A história nos mostra que mais cedo ou mais tarde estes desequilíbrios econômicos se traduzem em novas crises. Em 2008 tivemos a crise financeira global, decorrente do excesso de financeirização da economia. Já o Japão há cerca de três décadas luta contra zombificação de sua economia, resultado das ações do governo para manter os grandes conglomerados econômicos do país vivos após a grande crise econômica e financeira que o país experimentou no início da década de 1990. Com taxas de juros baixas, empresas com elevados níveis de endividamento conseguem sobreviver, mas sem capacidade de investir no negócio; assim sendo, estas empresas possuem poucos ganhos de produtividade. Não é por acaso que o PIB da economia japonesa é menor hoje do que em 1995. Nos EUA, na década de 1970, o país viveu um período de estagflação (estagnação econômica e aumento da inflação), resultado dos choques do petróleo, gasto público excessivo e política monetária expansionista. No Brasil, tivemos períodos de hiperinflação e crises da dívida externa no fim do século XX, em função do gasto público desenfreado, políticas monetárias expansionistas e endividamento excessivo em moeda estrangeira.  

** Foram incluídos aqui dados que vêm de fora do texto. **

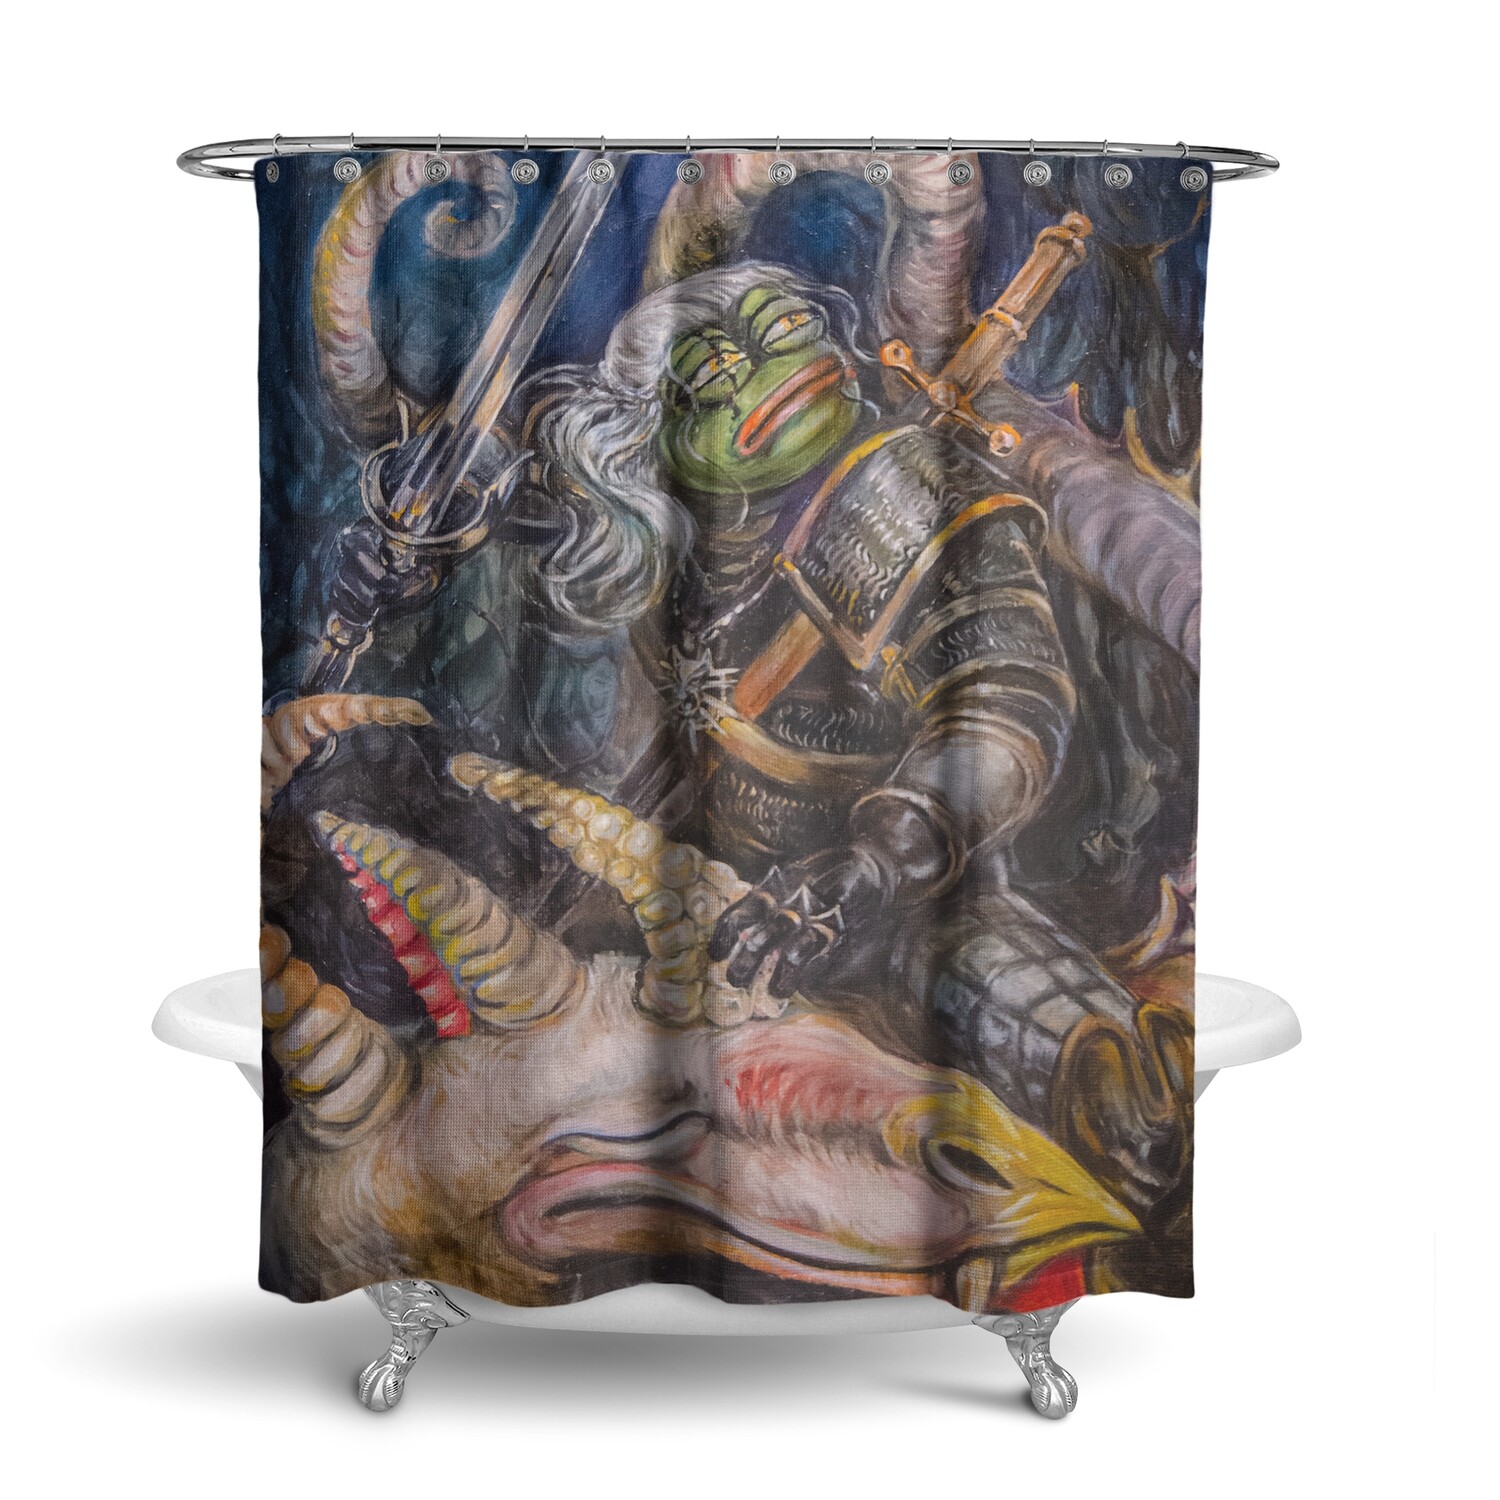 Pepe The Witcher (shower curtain)

Hoje, ainda não está claro qual será o resultado de longo prazo da crise da Covid-19. Uma crise financeira ou problemas econômicos estruturais de longo prazo possivelmente serão o resultado dos desequilíbrios econômicos que vivemos hoje se nada for feito. Nesse sentido, torna-se fundamental que as autoridades econômicas ao redor do mundo passem a adotar medidas que possibilitem que os países cresçam de forma sustentável. Desenvolver um ambiente econômico livre, onde as empresas possam desenvolver produtos e serviços que tornem a economia global mais produtiva e eficiente, enquanto governos, empresas e indivíduos possam reestruturar sua situação financeira parece ser o caminho adequado para destravar a bomba de uma crise futura. Caso as autoridades públicas apostem no caminho do populismo econômico, estamos fadados a postergar e intensificar os problemas econômicos de hoje para amanhã.